# Supplied entries
'''

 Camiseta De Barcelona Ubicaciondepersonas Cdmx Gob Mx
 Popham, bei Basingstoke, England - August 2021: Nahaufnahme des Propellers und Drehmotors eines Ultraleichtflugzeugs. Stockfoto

'''
'''

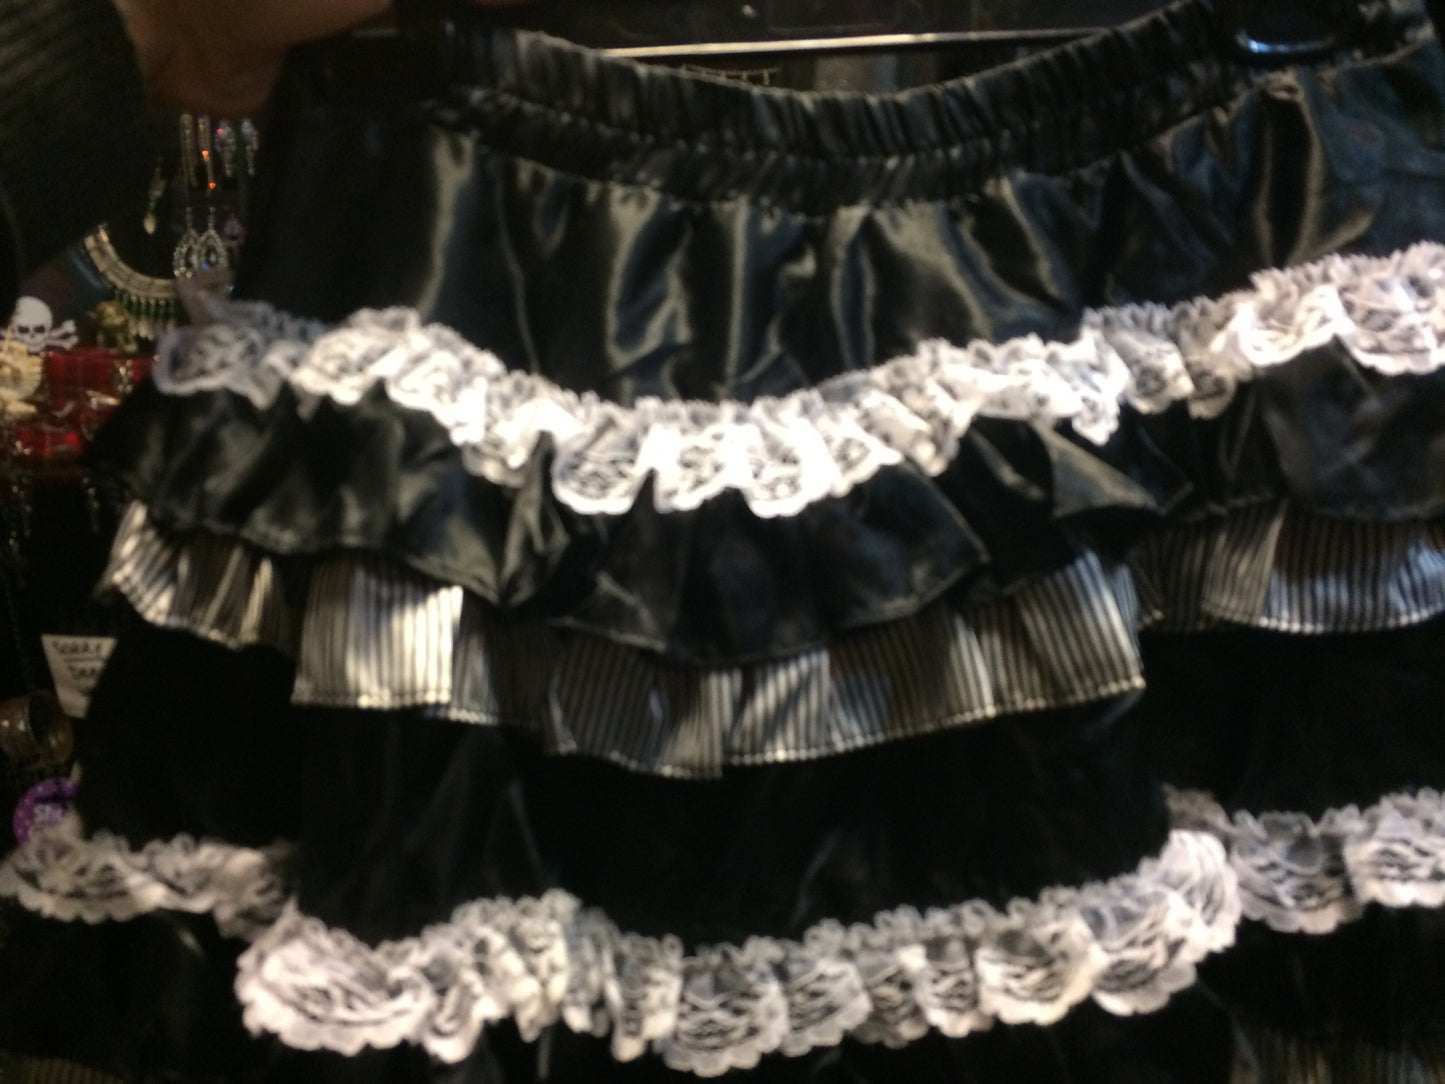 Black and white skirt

'''

# Action item
What you return must be an exact retyping of the lines above starting at the line with "Camiseta De Barcelona" and ending at the line with "Popham, bei Basingstoke, England", and nothing besides.

# Output for this task
 Camiseta De Barcelona Ubicaciondepersonas Cdmx Gob Mx
 Popham, bei Basingstoke, England - August 2021: Nahaufnahme des Propellers und Drehmotors eines Ultraleichtflugzeugs. Stockfoto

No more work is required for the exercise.